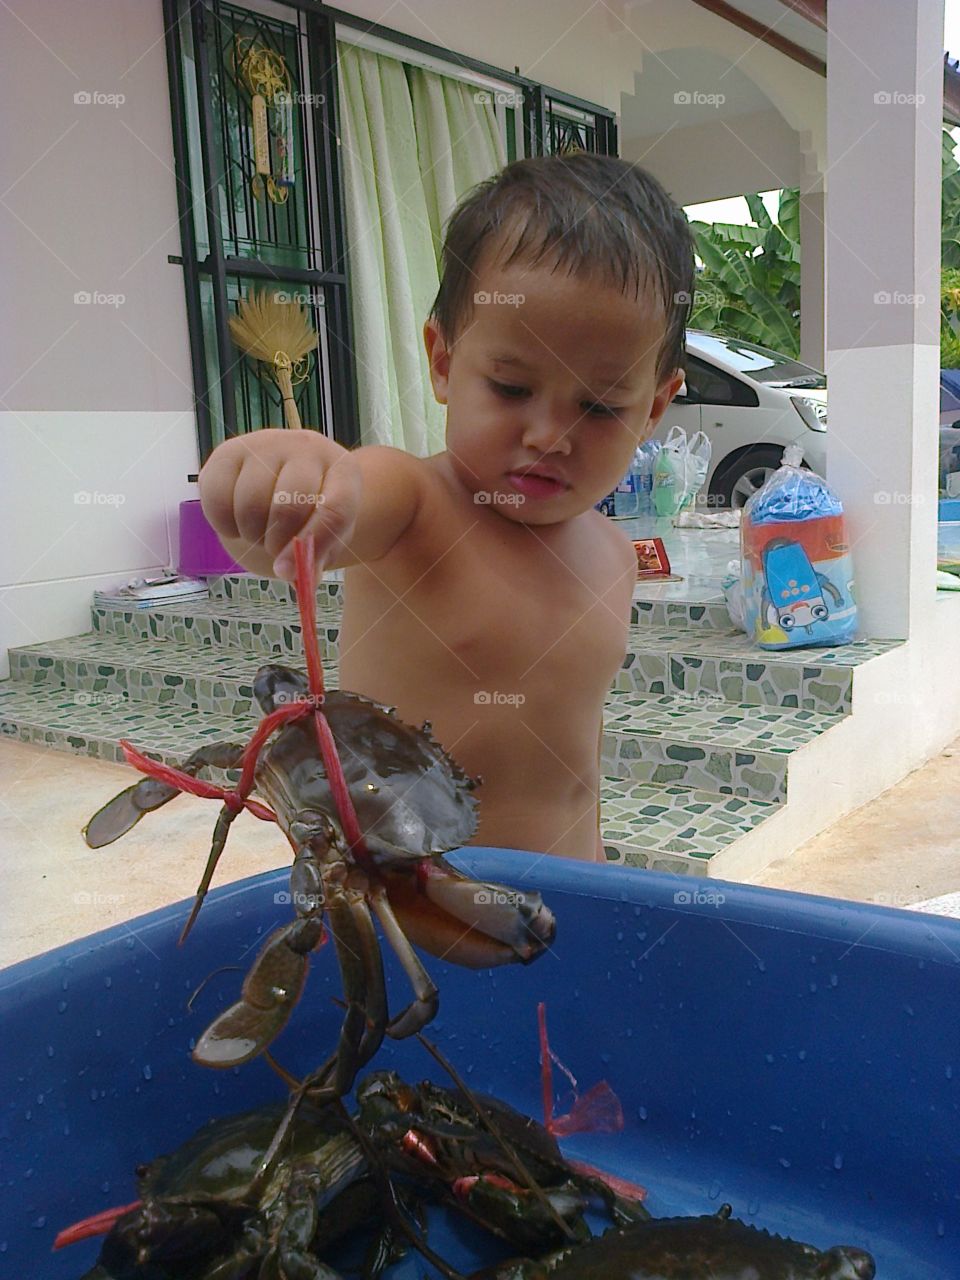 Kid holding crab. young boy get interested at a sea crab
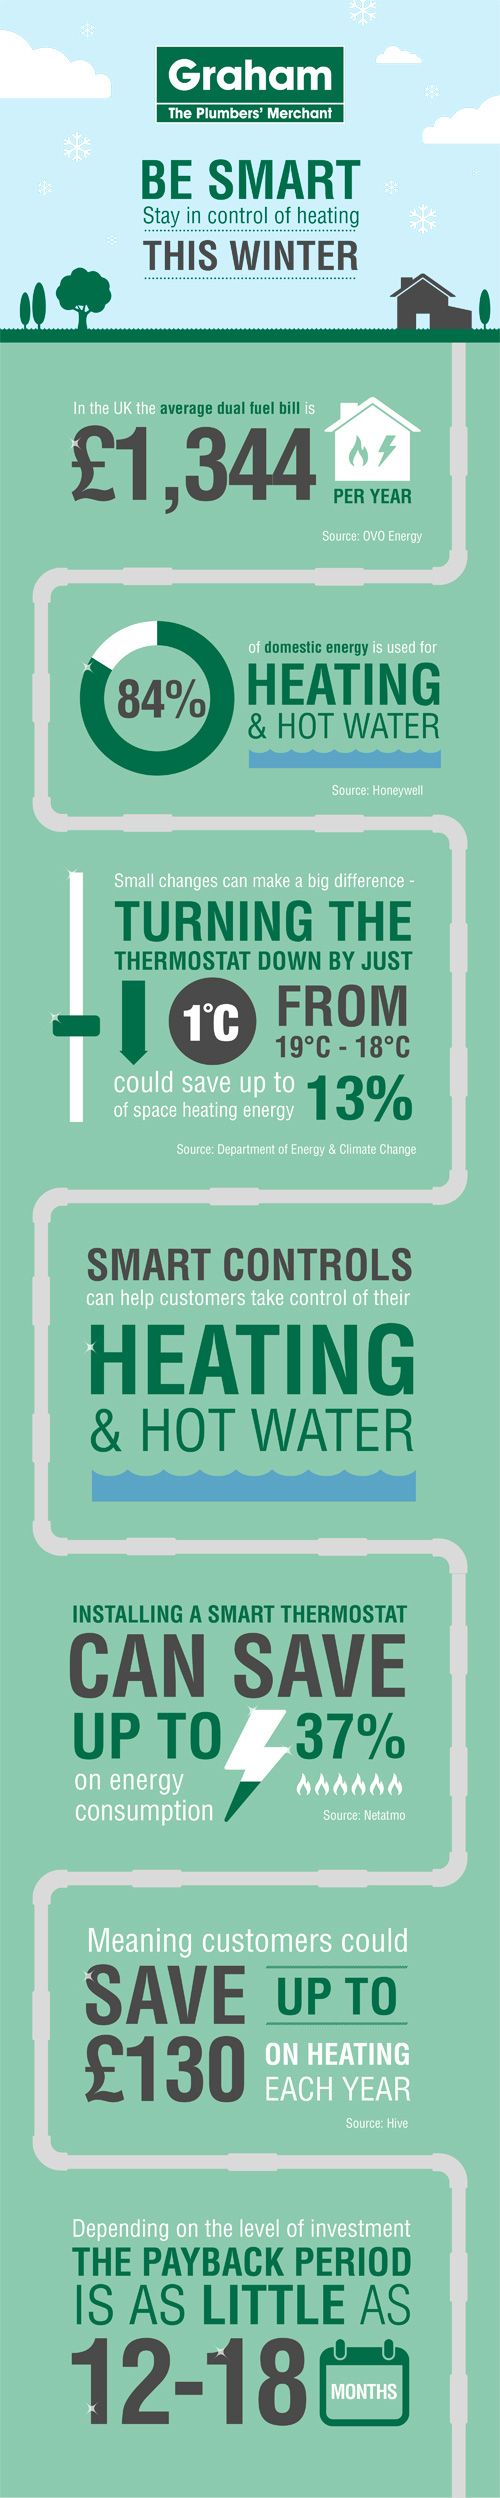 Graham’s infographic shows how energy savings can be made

----------

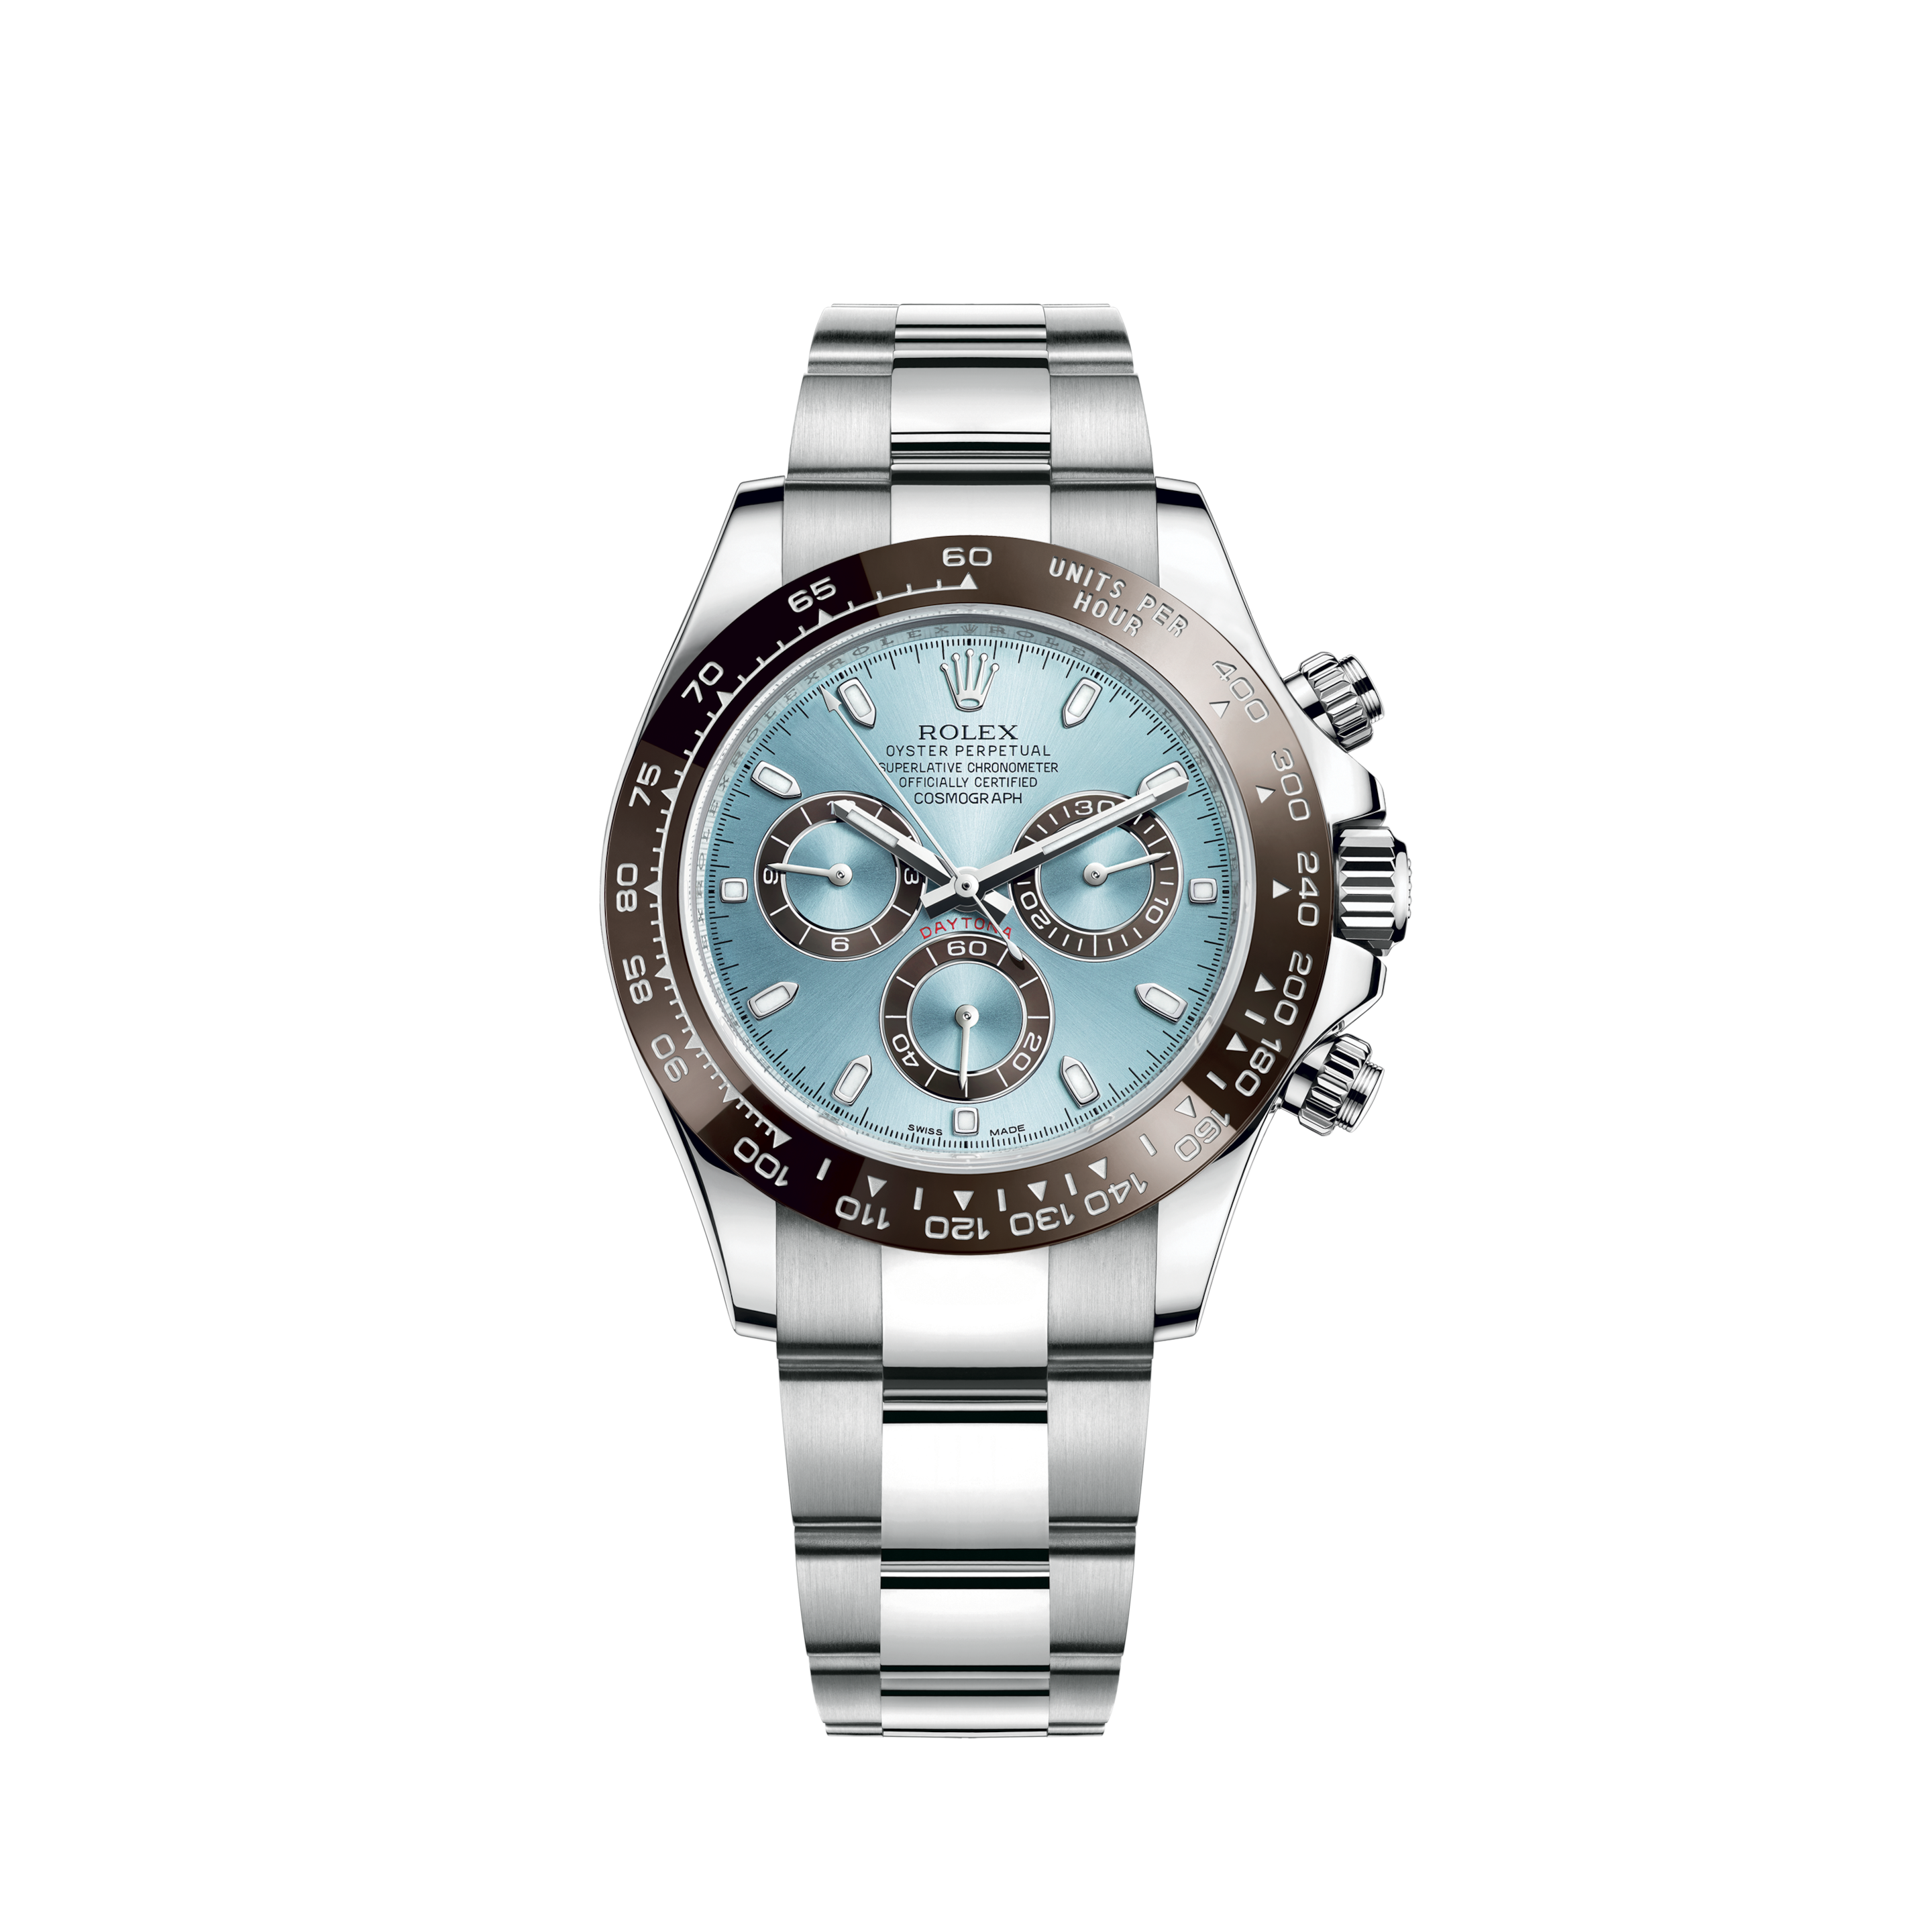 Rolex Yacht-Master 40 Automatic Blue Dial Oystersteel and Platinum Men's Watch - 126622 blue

----------

Give again the stretch of lines above from the one with "Kid holding crab." through the one with "Graham’s infographic shows", both ends kept, and copy no pictures.

 Kid holding crab. young boy get interested at a sea crab
 Graham’s infographic shows how energy savings can be made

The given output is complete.